September 22, 2008

Jenna Glazer was diagnosed with breast cancer in 2004 at age 34. And then she experienced one of the most intense and disturbing side effects of cancer treatment for young women, enduring up to 50 hot flashes a day and night sweats that constantly disturbed her sleep.

“I was having several hot flashes an hour, which was absolutely brutal," Glazer said of her therapy-triggered menopausal symptoms. "I would be sitting in the living room in the middle of winter with the windows open and the air conditioning on in boxer shorts and a tank top.”

Now a new study suggests that acupuncture can help such symptoms. Indeed, it seems to be just as effective as Effexor, an antidepressant commonly used to treat treatment-related hot flashes, but without side effects such as insomnia, constipation, dizziness, or a lag in sex drive.

In fact, the study, which will be presented at the American Society for Therapeutic Radiation and Oncology meeting in Boston on Monday, suggests that women might get more than just symptom relief.

“It had benefits in terms of increased energy [and] increased clarity of thinking,” said study author Eleanor Walker, MD, a radiation oncologist at the Henry Ford Hospital in Detroit. “Overall, patients felt better and, in some patients, they had an increase in their sex drive.”

Next page: What the study found

What the study found
Dr. Walker and her colleagues randomly assigned 47 patients who were taking tamoxifen or Arimidex (two breast cancer drugs that can cause menopausal symptoms) to a 12-week course of either acupuncture or Effexor.

On average, the women had 6 to 10 moderate-to-intense hot flashes a day and woke 2 to 3 times a night due to night sweats.

They found that the response was about the same for both treatments—65% of women received a benefit. However, when patients stopped Effexor, they started having hot flashes again in two weeks, while it took 15 weeks for symptoms to return in the acupuncture group.

Although some patients didn't respond at all to the acupuncture, many reported significant relief. One woman in the study started with 27 hot flashes a day, said Dr. Walker, and “within two treatments, her [symptoms] dropped to half that.”

Dr.
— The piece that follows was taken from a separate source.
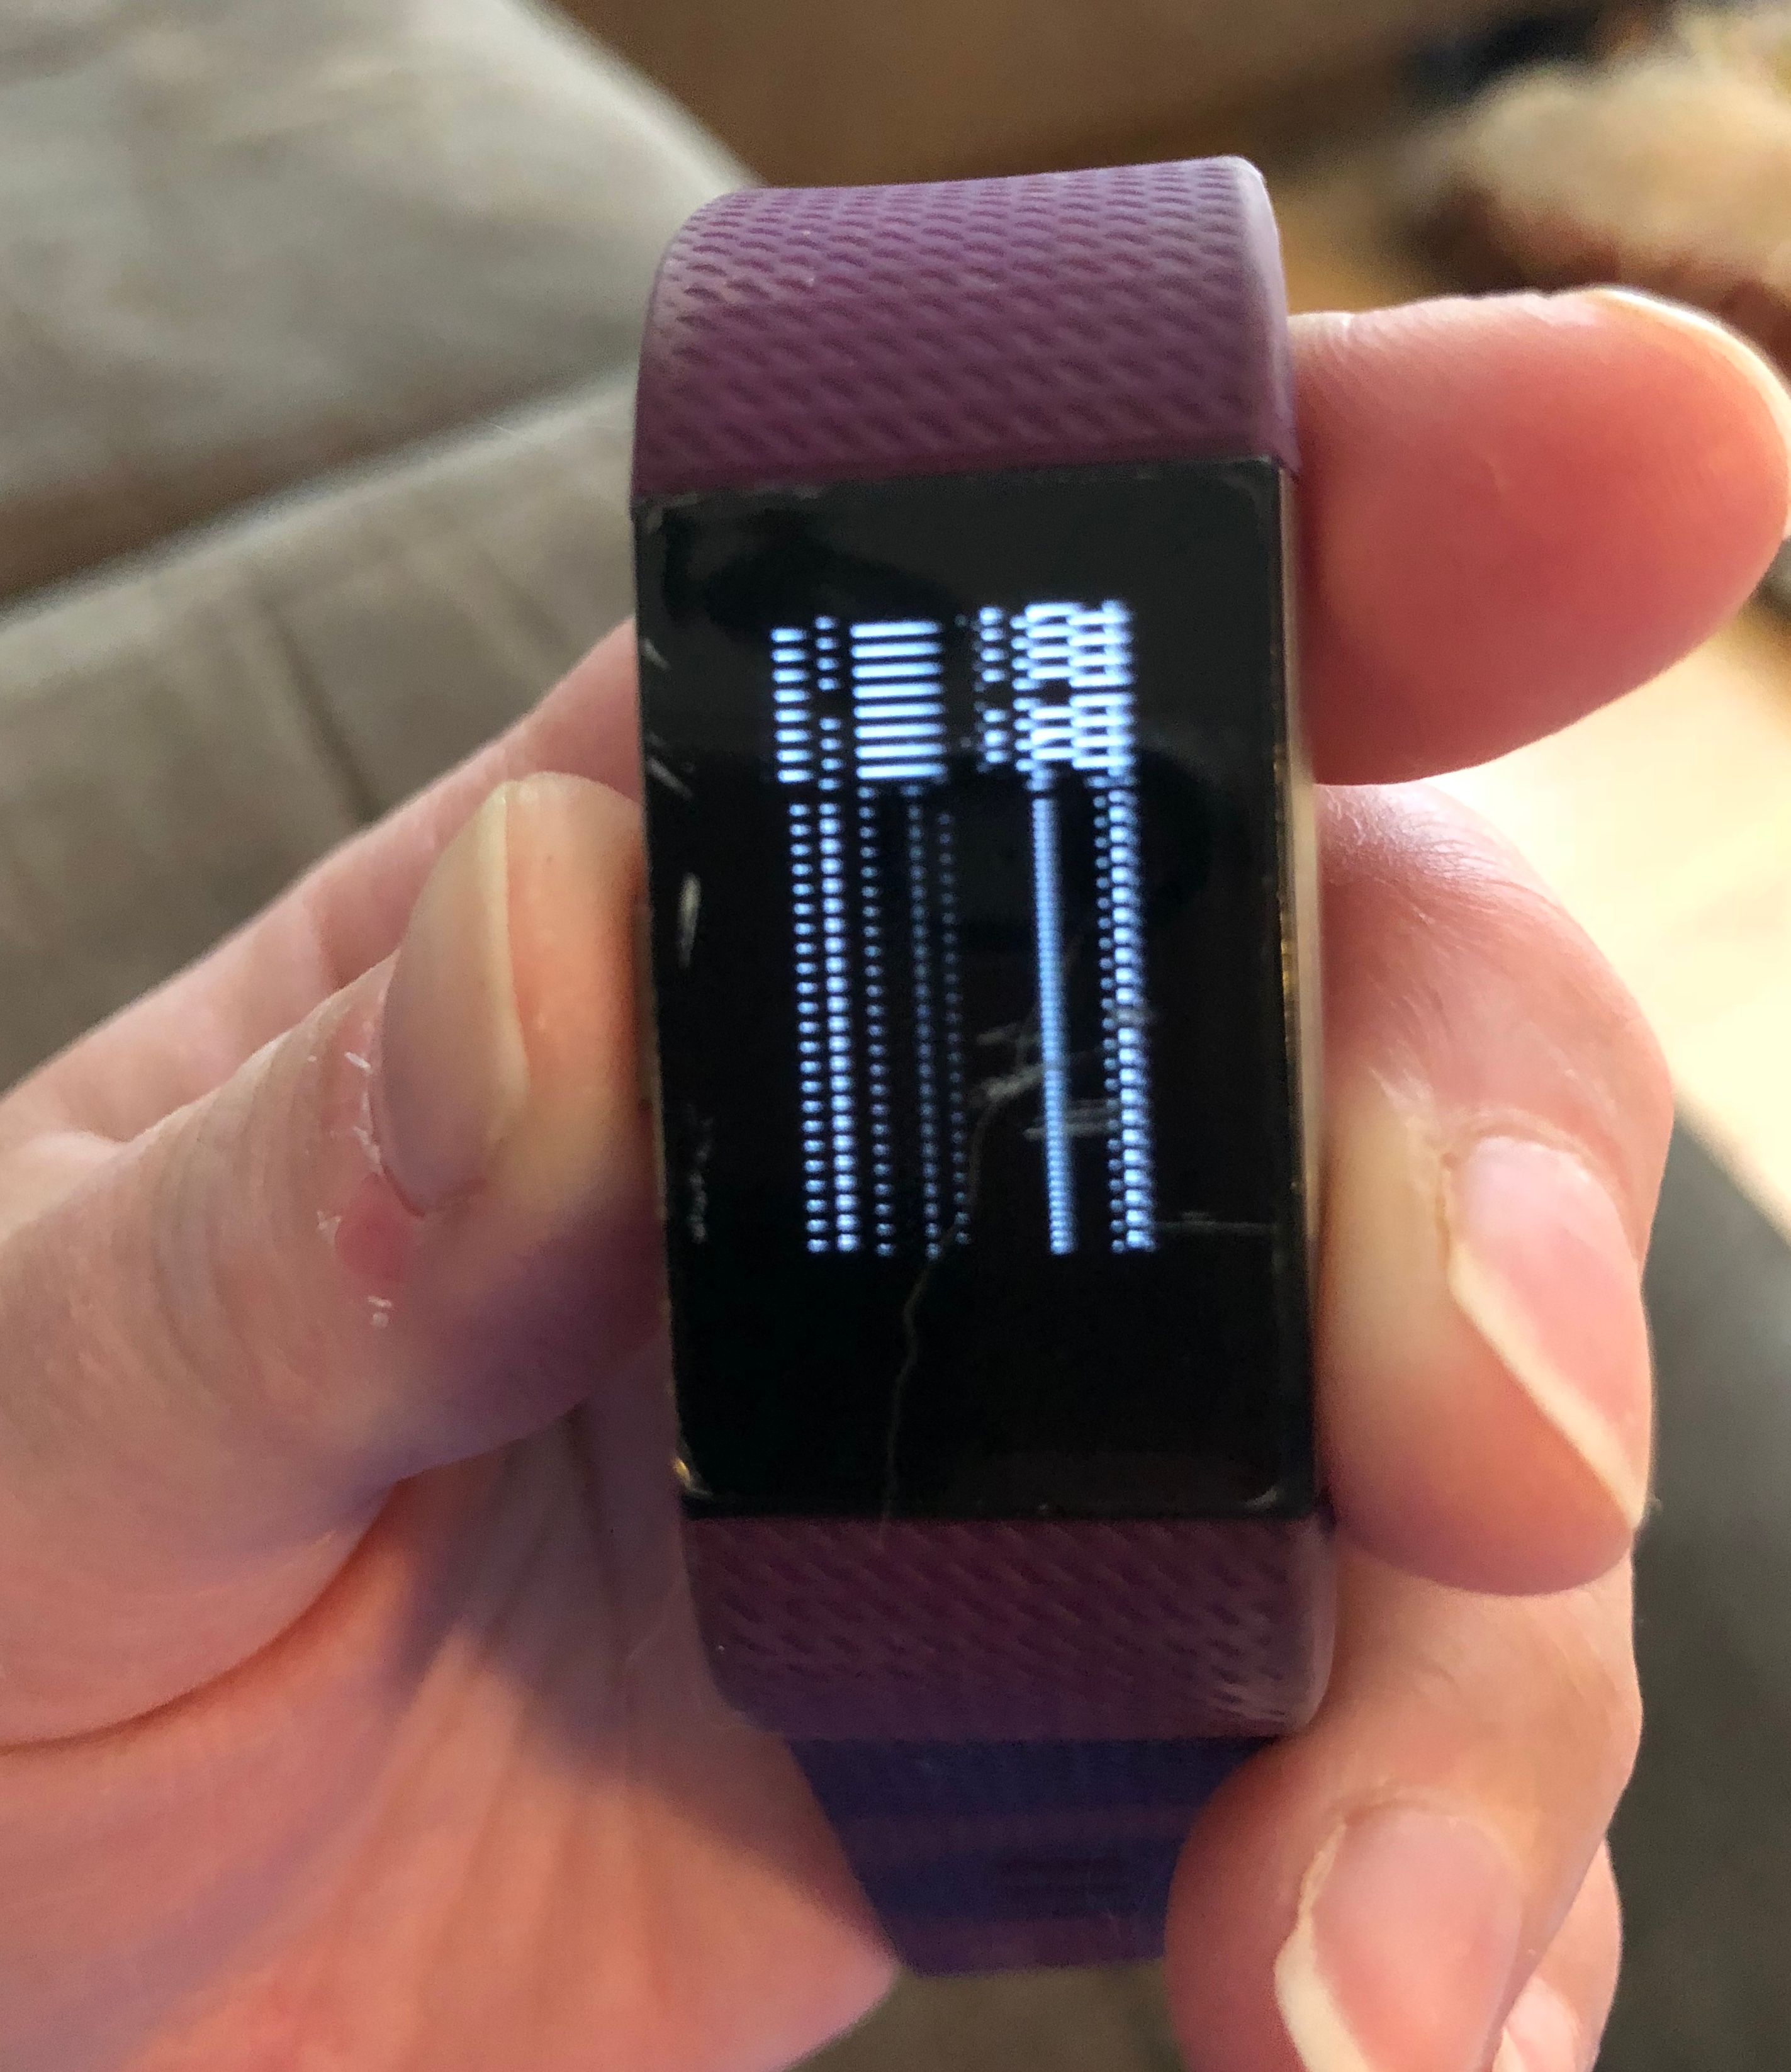 fitbit charge screen not working

Walker said it was unlikely that the response was due to a placebo effect.

A previous study of women with breast cancer–related hot flashes compared acupuncture to sham acupuncture, in which needles are inserted in the wrong places at insufficient depth.
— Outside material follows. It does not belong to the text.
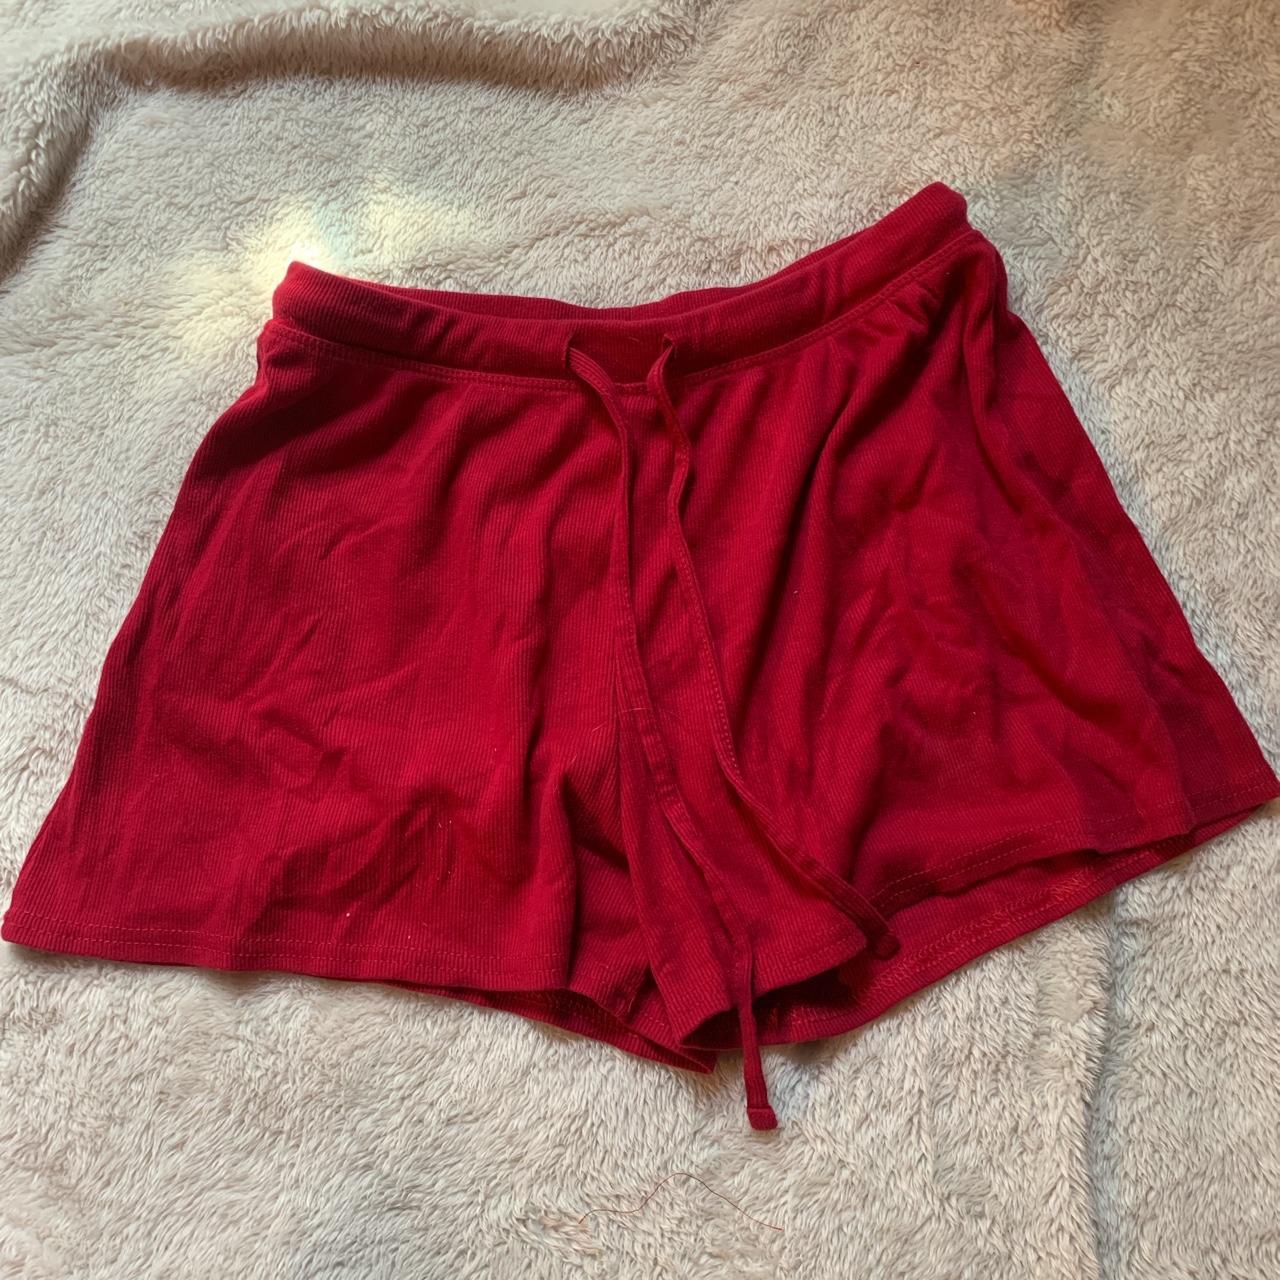 Red shorts, tie can be adjusted, no pockets,... - Depop

In that study, the real acupuncture reduced daytime hot flashes by 50% compared to the control treatment.

Next page: Why breast cancer patients have hot flashes

Why breast cancer patients have hot flashes
Such menopausal symptoms are common because the drugs used to fight cancer do so by blocking estrogen. About 80% of breast cancers are sensitive to estrogen, and will grow more rapidly in its presence.

Glazer said her symptoms started after she underwent chemotherapy but became much worse after she had surgery to remove her ovaries (which produce estrogen).

Typically, severe menopausal symptoms in women without cancer might respond to a short course of hormone therapy, but that’s not a safe option for breast cancer patients.

Sometimes doctors use inflammation-fighting corticosteroids instead, but those aren’t a great choice because “you gain weight and there are long-term side effects to steroids also in terms of your bones and joints,” said. Dr. Walker.

That’s why so many women take the antidepressant Effexor, which can alleviate hot flashes and depression.

Glazer tried both acupuncture and Effexor for her symptoms and found some relief with both. However, going off the antidepressant was harder than she thought, even though she tapered the dose.

“I gradually came off of it, it was not a cold turkey thing at all,” she said. “It almost felt like when I took a step...my brain was rattling around in my head—I felt dizzy and disoriented.”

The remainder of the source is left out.